According to Willis Towers Watson the energy industry faces a huge insurance shortfall, leaving many of the world’s largest energy companies exposed as they often find it hard to secure the level of insurance protection they really require.
Insurance and reinsurance broker, consultancy and advisory Willis Towers Watson (WTW) explained that while energy companies are facing increasing levels of risk in their day-to-day operations, the insurance and reinsurance industry has not responded to the sectors’ needs and is not supplying enough capacity.
In fact, WTW suggests in a report on the shortfall in energy insurance, that there are a number of key areas where energy companies are massively over-exposed to risk, including supply chain risk, cyber risk, Gulf of Mexico tropical storm and hurricane risk and drilling risks.
For supply chain risk alone, a single energy company could require as much as $1 billion of cover, Nick Dussuyer, Global Head of Natural Resources Industry at Willis Towers Watson, expects. However, the insurance markets are currently unlikely to provide much more than $150m of cover for this risk at present.
Cyber risk is almost totally unprotected against in the energy sector.
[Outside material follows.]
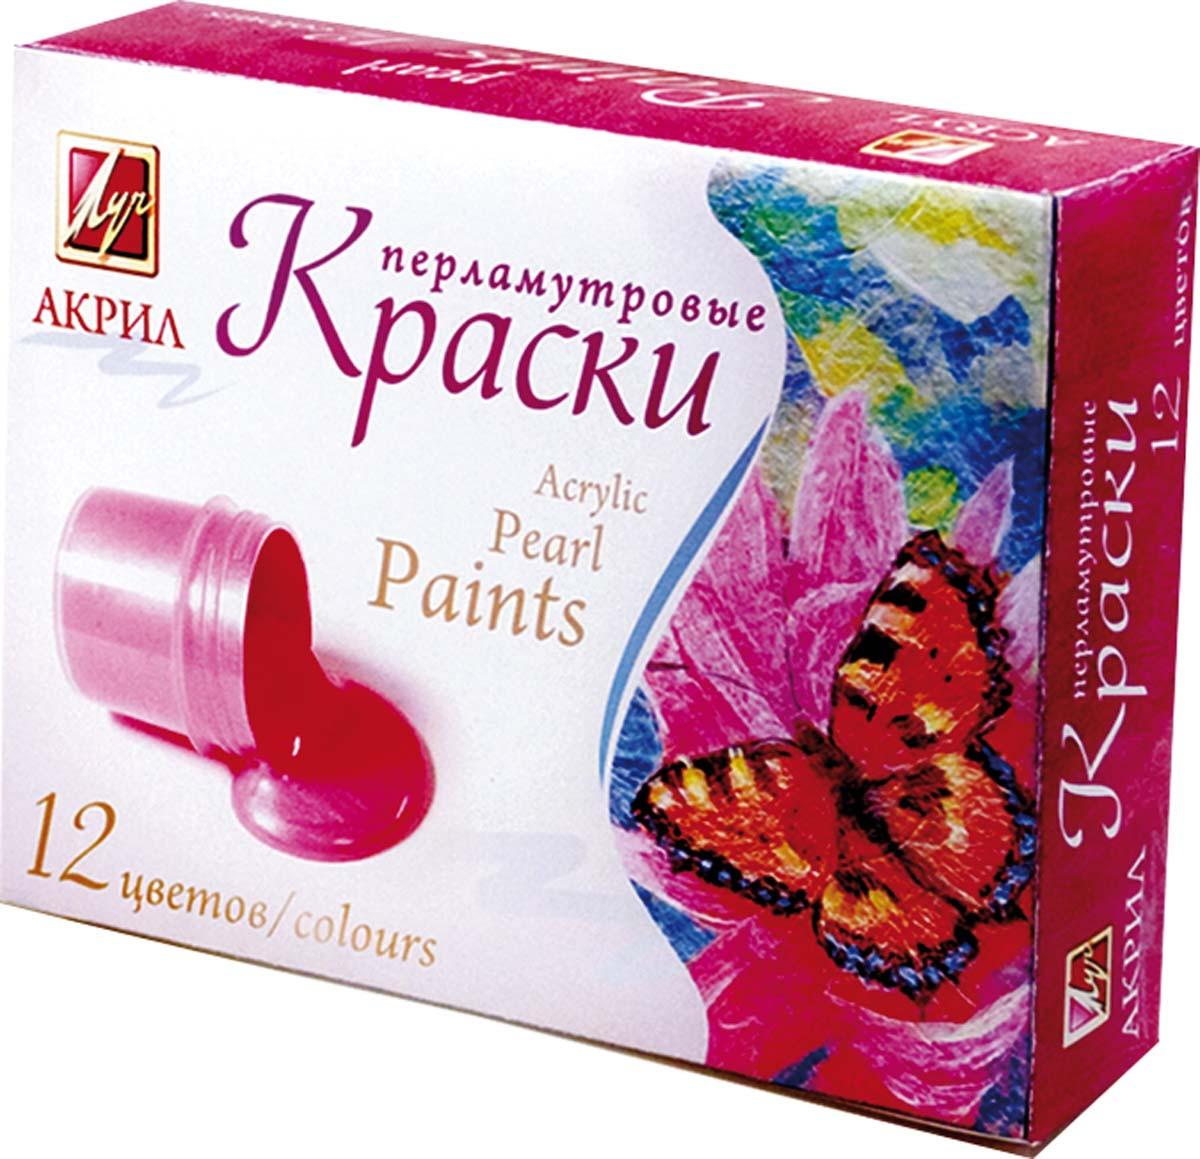 Фарби акрилові ЛУЧ перламутрові 12 кольорів 15 мл

Dussuyer said; “Despite a high level of cyber risk, neither the upstream nor downstream energy insurance markets provide cover at present. The majority of energy companies remain inadequately protected.”
On tropical storm, hurricane and windstorm risks, which are most prevalent in the Gulf of Mexico of course, despite this being a key peril for the reinsurance and insurance markets, there remains a lack of capacity.
Dussuyer believes that there is around $750m of capacity available for hurricanes in the Gulf of Mexico but that total GoM windstorm exposure is over $20 billion, which is quite the shortfall.
Finally on drilling risk, which brings back memories of the Deepwater Horizon incident and the size of that event of course, underwriters using inadequate risk models is an issue and could mean they are storing up problems for the future.
WTW questions why, in a market where insurance and reinsurance capacity is abundant and companies are looking for new opportunities, they aren’t focusing on providing coverage to close these shortfalls in the energy insurance sector.
The report states that “In some key areas where energy companies are exposed, the insurance products on offer fail to provide the protection they need.”
A major factor in how the energy industry accesses insurance or risk transfer can come down to its profitability and with the oil price having plummeted this year there is a need for companies to look to the most efficient risk transfer solutions they can find, WTW says.
With the biggest insurance or risk transfer shortfall being Gulf of Mexico wind and hurricane coverage, WTW explains this as being due to the uncertainty caused by hurricane Ike losses, which were far above insurers expectations.
However capacity has expanded, with insurance and reinsurance devoted to upstream energy has almost doubled from $4 billion to $7 billion since 2010, but WTW notes that more work is needed to increase this further.
“Often it will mean finding innovative ways to ensure energy companies get the cover they need,” WTW writes, warning that it is not just energy companies that are at risk here, the insurers are also at risk by not providing what the sector needs.
And here lies a potential opportunity for the capital markets and ILS managers, with the Gulf of Mexico a peak windstorm zone and also one where the cat-in-a-box and industry loss warranty (ILW) has been prevalent in the past, perhaps the capital markets could look to bring innovative products to help energy companies gain greater insurance coverage.
Wind anemometers could provide an effective way to create parametric triggers for energy companies with Gulf of Mexico exposure, reducing the basis-risk by placing them as near to the exposed hardware as possible.
Then ILS capacity could be structured to provide the insurance coverage, as we see with ILS capital working with parametric insurance MGA New Paradigm Underwriters in Florida and other coastal hurricane hotspots.
Energy company risk managers and CFO’s may be open to discussions about innovations such as parametric insurance today, having gained a greater appreciation for the dynamics of the insurance and reinsurance market in recent years.
The WTW report doesn’t even go into other risks that the energy sector faces, such as storm surge around the Gulf area, earthquake exposure to pipelines and other types of physical damage which are also likely under-insured (compared to the potential size of exposures).
Supply chain risk, which is discussed in the report as another area of insurance shortfall by WTW, is also a risk that ILS and the capital markets, as well as innovative contract triggers, could help to cover.
Supply chain business interruption from weather and storm events could be covered with parametric triggers, or weather indices, which would at least provide energy companies with some contingent capital to help them minimise financial impact from major events.
Other supply chain risks which could be identified with metrics, could also potentially have protection structured around a parametric trigger of sorts. Think production values, wells operational, volumes transported, volumes sold etc, all of which could be hedged against using traditional or alternative risk transfer structures.
However, opportunities for the ILS market to deploy capacity and technology to help cover these risks aside, the real issue here could be a lack of innovation in an insurance and reinsurance market that could really do with the premiums at this time.
Some of these are prime risks, which would pay good rates-on-line, for coverage at prices commensurate with the exposures assumed. While there are issues surrounding energy companies willingness to protect themselves, there are also issues surrounding insurers willingness to offer a product that is both effective and cost-efficient at the same time.